Yow, even though I am a huge fan of Uist I'm wondering if you might want ONE first. I have the Albion Legacy as well and use it to this day, but Albion One features some seriously fantastic sketch tools and is overall a terrific package and even works really well when layered with its older, original sibling.

Some would argue that even just the spiccato/staccato patches and in the strings and woodwind legati are worth buying ONE for. There are some excellent effects there, too.

But hey, no argument on the reign of Uist. Not only is it elite in aleatoric libraries, it has a lot of possible applications you might not have even guessed at yet. I usually end up messing with it for unnecessary amounts of time because it's such an quintessentially inspiring set of sounds, and you can do a lot with those sounds.


----------



## Mornats (May 27, 2017)

JT3_Jon said:


> hmmm, didn't get the email again. For those who didn't get any, did the same thing happen during the last wish list promo as well? This is now my 2nd time being excluded. Maybe its something with yahoo...



I have a Yahoo email too and I didn't get this wishlist email or the last one and SFA support had to send them for me.


----------



## kgdrum (May 27, 2017)

Mornats said:


> I have a Yahoo email too and I didn't get this wishlist email or the last one and SFA support had to send them for me.



fwiw I have Yahoo mail and got the wishlist email for this promotion and the last one.


----------



## Parsifal666 (May 27, 2017)

There's something...I realize this might stray a bit so forgive me...I need to mention this to prospective buyers of Uist, something that I should have told people way back. It's best to have a good knowledge of eq and noise reduction, because there is some hissing and noise in _some_ of the samples, especially in the (you guessed it) wind instruments.

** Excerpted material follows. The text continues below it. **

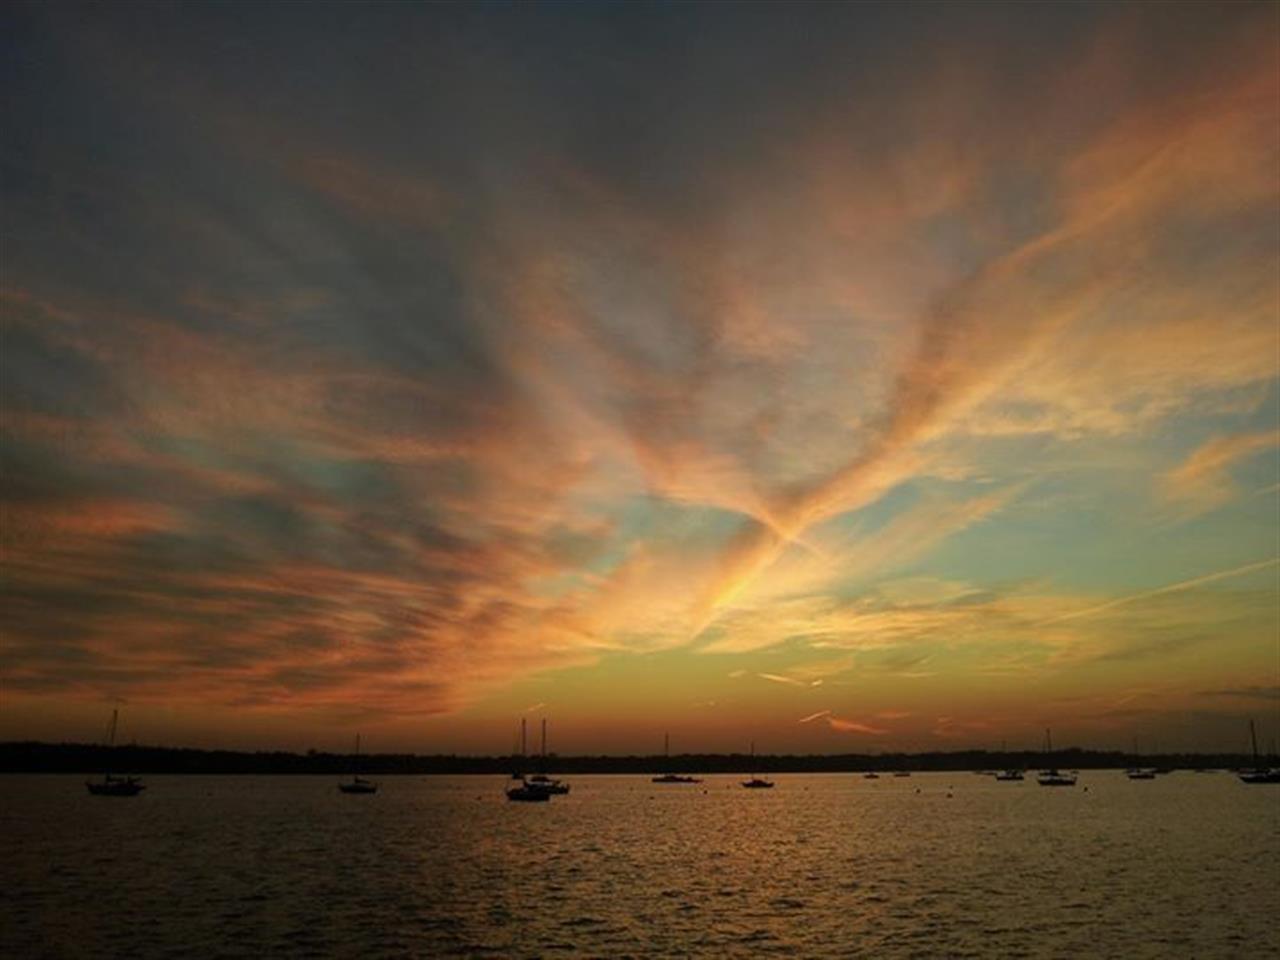 Sunset on Manhasset Bay overlooking Sands Point in Port Washington, NY.

Some high grade de-essers might be able to knock a lot of the unwanted aspects of this sounds, but I always have some noise reduction on those particular samples as well (a dab'll do ya).

I realize that to a degree this can be desirable to add to the realism, etc. But I got so used to applying the same, template-ish effects as a default to that library that I didn't even remember how...well, AIR-y things can get (to an at times unacceptable level, though that's what we long term AIR disciples are used to and mostly really like that wide sound anyway).


----------



## dcoscina (May 27, 2017)

I ended up grabbing Symphonic Woodwinds. With the conversion, I saved around $200 CAD which is good. Love the sound of the winds.


----------



## Parsifal666 (May 27, 2017)

dcoscina said:


> I ended up grabbing Symphonic Woodwinds. With the conversion, I saved around $200 CAD which is good. Love the sound of the winds.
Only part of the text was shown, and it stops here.